Belle & Sebastian

Live Shot

Belle & Sebastian's Stuart Murdoch does Bob Wills, Glasgow-style.
Belle & Sebastian's Stuart Murdoch does Bob Wills, Glasgow-style. (Photo By Mary Sledd)

Belle & Sebastian

Backyard, April 30 Question one in an audience survey conducted by Stuart Murdoch, Belle & Sebastian frontman: "Hands up -- who was in Slacker?" Cowboy hats, Butthole Surfers teases, and Bob Wills covers might sound like a sarcastic poke at Texas cowpoke culture, but the 10-piece Scot pop outfit, in its first journey to the Lone Star state, emanated nothing but sincere tribute and a desire to crowd-please.
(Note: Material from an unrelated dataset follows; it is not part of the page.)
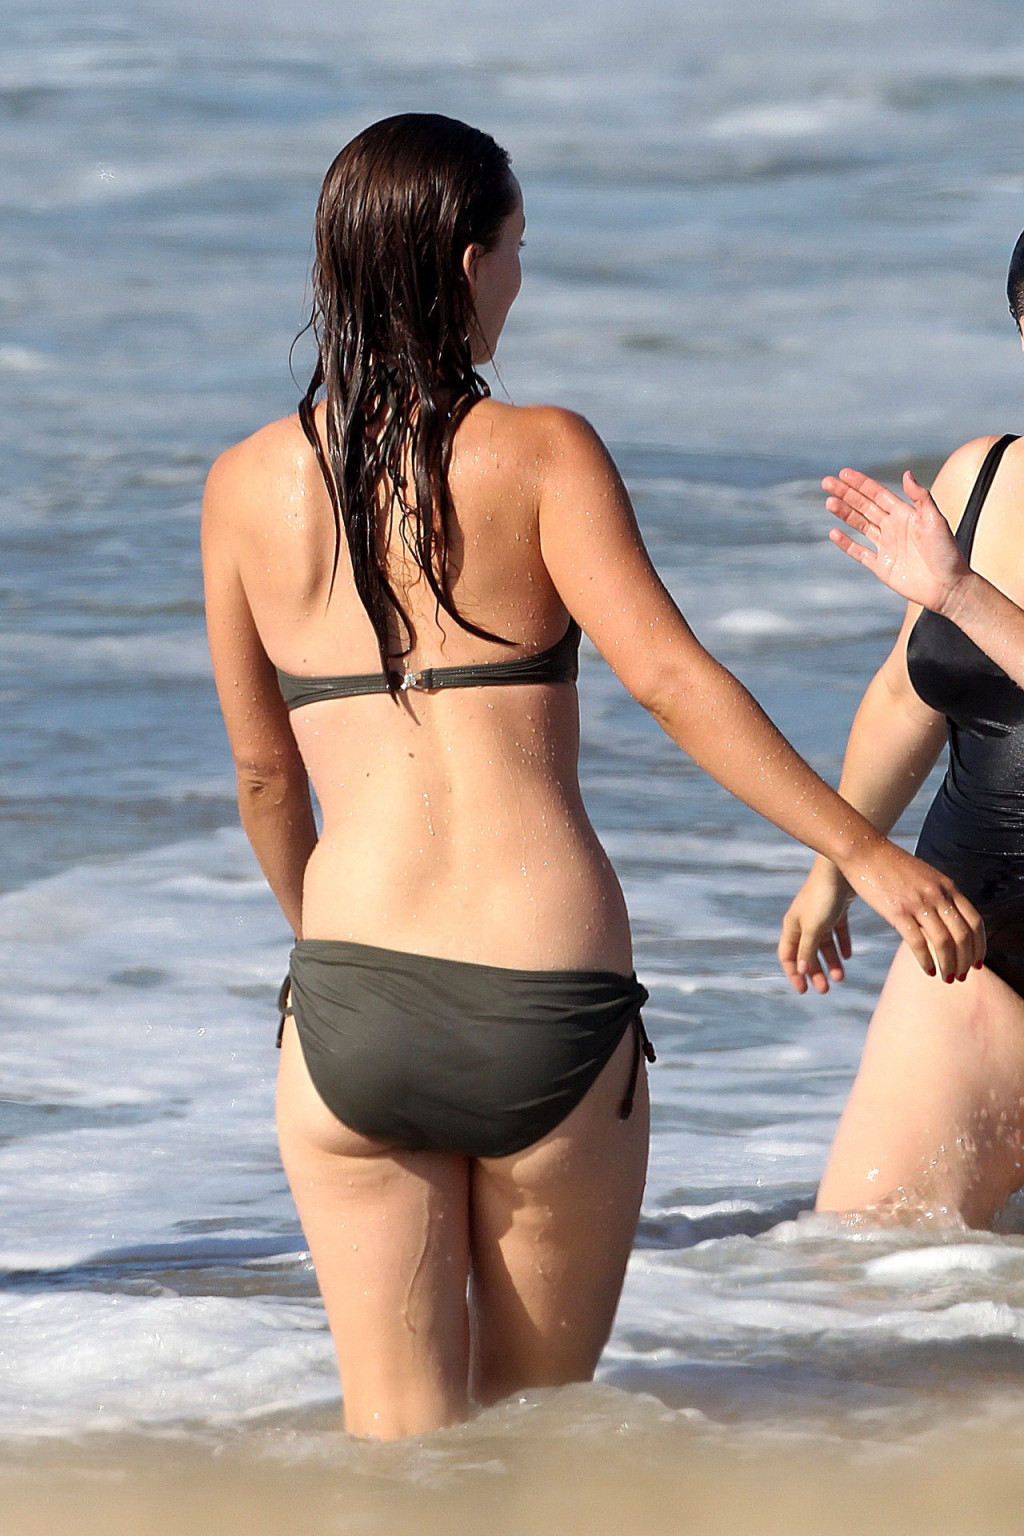 Olivia Wilde se ve muy sexy en bikini mojado en la playa
 #75335385

In fact, their two-plus-hour performance was nothing less than a miracle. Bringing all the dyed-black hipsters out of their seedy clubs and crouching corners to a perfectly divine evening at the Backyard created an atmosphere akin to the fields of Woodstock, complete with geeky girls sitting atop the permanently hunched shoulders of their disaffected boyfriends. "This is the most beautiful place we've ever played," exclaimed Murdoch. For at least one evening, a subculture defined by cynicism, bad haircuts, and rampant individualism actually took on the semblance of a community. On top of that, the band's extended set proved most palatable. The menu consisted mostly of popular selections from the group's earlier, and most well-loved, albums. "If You're Feeling Sinister," "State I Am In," "Seeing Other People," and "Get Me Away From Here, I'm Dying" were among 20 upbeat tunes served in rapid-fire succession. Newer material was thrown in, the overly modest Murdoch stepping out of the limelight a few gracious times to let whiz-kid guitarist Stevie Jackson peacock his flamenco stylings. Unfortunately missing was vocalist extraordinaire Isobel Campbell, an absence clearly mourned by Murdoch as much as the audience. Belle & Sebastian's often complex pop cacophony on album was executed flawlessly live and with flair, as the band flowed in front of "the biggest audience we've ever played to." Crowd participation of the 3,000 or so in attendance had a British invasion feel with soccer balls, handclaps, and girls in the back encouraged to do the "Beatles scream." One lucky less-than-hetero nerd was invited onstage, and then outdanced by the energetic Murdoch as he could only look on with marmalade eyes. As the feel-good show of the spring drew to a close, the Scots suggested moving the party down to Barton Creek. For a moment, it really felt like we could do anything we damn well pleased.